SEPARATION AND RELEASE AGREEMENT

This Separation and Release Agreement is entered into by and between the Federal Home Loan Bank of Seattle (the "Seattle Bank") and John W. Blizzard ("Mr. Blizzard") to set forth the terms and conditions of Mr. Blizzard's separation from his employment with the Seattle Bank.

In order to provide Mr. Blizzard with separation benefits to assist him in the transition to other opportunities and to fully and finally resolve any and all issues regarding Mr. Blizzard's employment with the Seattle Bank and the termination of that employment, Mr. Blizzard and the Seattle Bank agree as follows:

  1. Separation Date. Mr. Blizzard's employment with the Seattle Bank ended as of April 30, 2009. He has received his regular base salary through that date and has received all of his accrued but unused vacation as of May 15, 2009.
  2. Severance Benefits. Provided that the Federal Housing Finance Agency ("FHFA") does not object thereto, the Seattle Bank agrees to provide Mr. Blizzard with severance benefits as set forth in this paragraph 2 and in paragraph 3 below:
    1. Severance Pay. Within ten (10) business days after the Effective Date of this Agreement, the Seattle Bank will pay Mr. Blizzard an amount equal to eight (8) months of his base monthly salary of $20,600 for a total of $164,800, less required withholding and deductions ("Separation Pay").
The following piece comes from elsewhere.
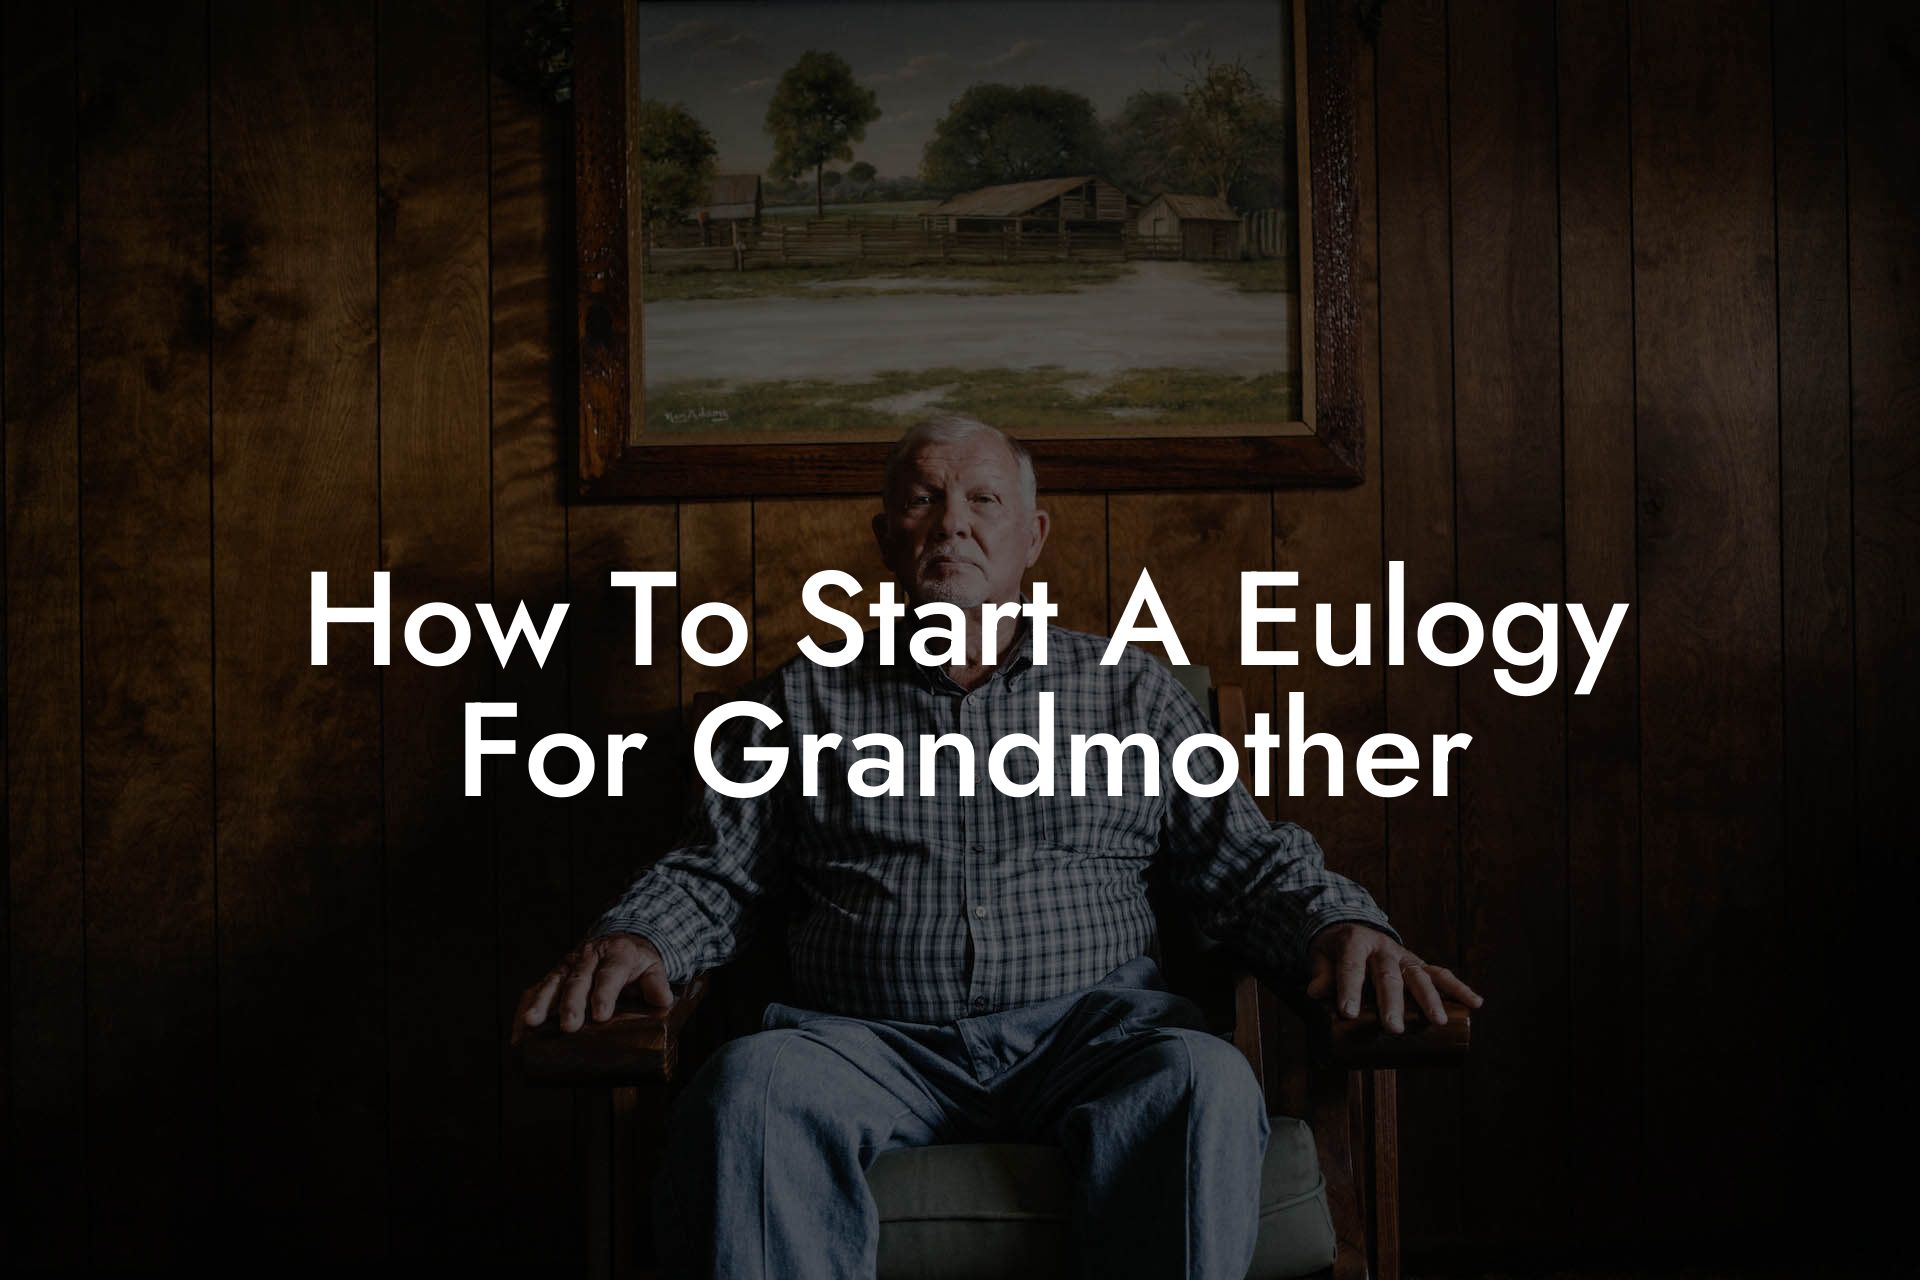 How To Start A Eulogy For Grandmother

(b) Bonus. Mr. Blizzard will not be eligible for a bonus or other incentive compensation for the 2009 or 2010 incentive periods.
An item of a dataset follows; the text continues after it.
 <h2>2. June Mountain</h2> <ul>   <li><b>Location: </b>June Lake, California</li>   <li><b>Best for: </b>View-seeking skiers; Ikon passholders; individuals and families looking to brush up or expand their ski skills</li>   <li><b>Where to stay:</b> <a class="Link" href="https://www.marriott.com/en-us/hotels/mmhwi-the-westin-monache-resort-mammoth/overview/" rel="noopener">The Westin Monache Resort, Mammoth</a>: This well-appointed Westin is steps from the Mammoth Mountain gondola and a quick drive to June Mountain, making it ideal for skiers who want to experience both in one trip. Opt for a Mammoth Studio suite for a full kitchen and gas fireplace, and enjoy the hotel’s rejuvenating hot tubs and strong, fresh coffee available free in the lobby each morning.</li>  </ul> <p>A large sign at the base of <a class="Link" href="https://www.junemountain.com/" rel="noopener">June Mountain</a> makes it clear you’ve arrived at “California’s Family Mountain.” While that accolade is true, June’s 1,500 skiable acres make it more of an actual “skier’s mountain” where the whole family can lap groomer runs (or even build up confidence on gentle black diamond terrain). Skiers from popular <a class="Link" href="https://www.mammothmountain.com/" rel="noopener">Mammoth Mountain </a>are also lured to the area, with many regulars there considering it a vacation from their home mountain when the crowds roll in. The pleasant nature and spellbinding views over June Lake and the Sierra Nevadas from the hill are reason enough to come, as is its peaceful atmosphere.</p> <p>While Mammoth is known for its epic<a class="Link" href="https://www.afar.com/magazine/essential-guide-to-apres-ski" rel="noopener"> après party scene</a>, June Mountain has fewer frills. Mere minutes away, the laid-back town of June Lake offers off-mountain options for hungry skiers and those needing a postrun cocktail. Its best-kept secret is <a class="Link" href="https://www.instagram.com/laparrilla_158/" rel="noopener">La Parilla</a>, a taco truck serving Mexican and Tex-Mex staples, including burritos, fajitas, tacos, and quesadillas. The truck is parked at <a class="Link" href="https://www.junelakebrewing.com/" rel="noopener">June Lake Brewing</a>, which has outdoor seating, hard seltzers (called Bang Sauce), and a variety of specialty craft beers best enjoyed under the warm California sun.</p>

(c)        Additional Separation Compensation. Within ten (10) business days after the Effective Date of this Agreement, the Seattle Bank agrees to also pay Mr. Blizzard additional separation compensation of $25,000 less required withholding and deductions.

(d) Retirement Benefits. Mr. Blizzard will be entitled to any vested retirement benefits that he has accrued as of April 30, 2009 under the Pentegra Defined Benefit Plan and the Retirement Benefit Equalization Plan pursuant to the terms of those plans. Mr. Blizzard shall also maintain the vested retirement benefits he has accrued as of April 30, 2009, under the Seattle Bank Thrift Benefit Equalization Plan and the Seattle Bank 401(k) Thrift Plan, pursuant to the terms of those plans. The Seattle Bank will have no obligation with respect to any federal income tax consequences of these retirement benefits to Mr. Blizzard.

(e) Outplacement Benefits. To assist Mr. Blizzard in finding other suitable employment, the Seattle Bank will provide Mr. Blizzard with reasonable outplacement assistance through the Seattle Bank's outplacement counseling service of up to six (6) months to begin ten (10) business days after the Effective Date of this Agreement.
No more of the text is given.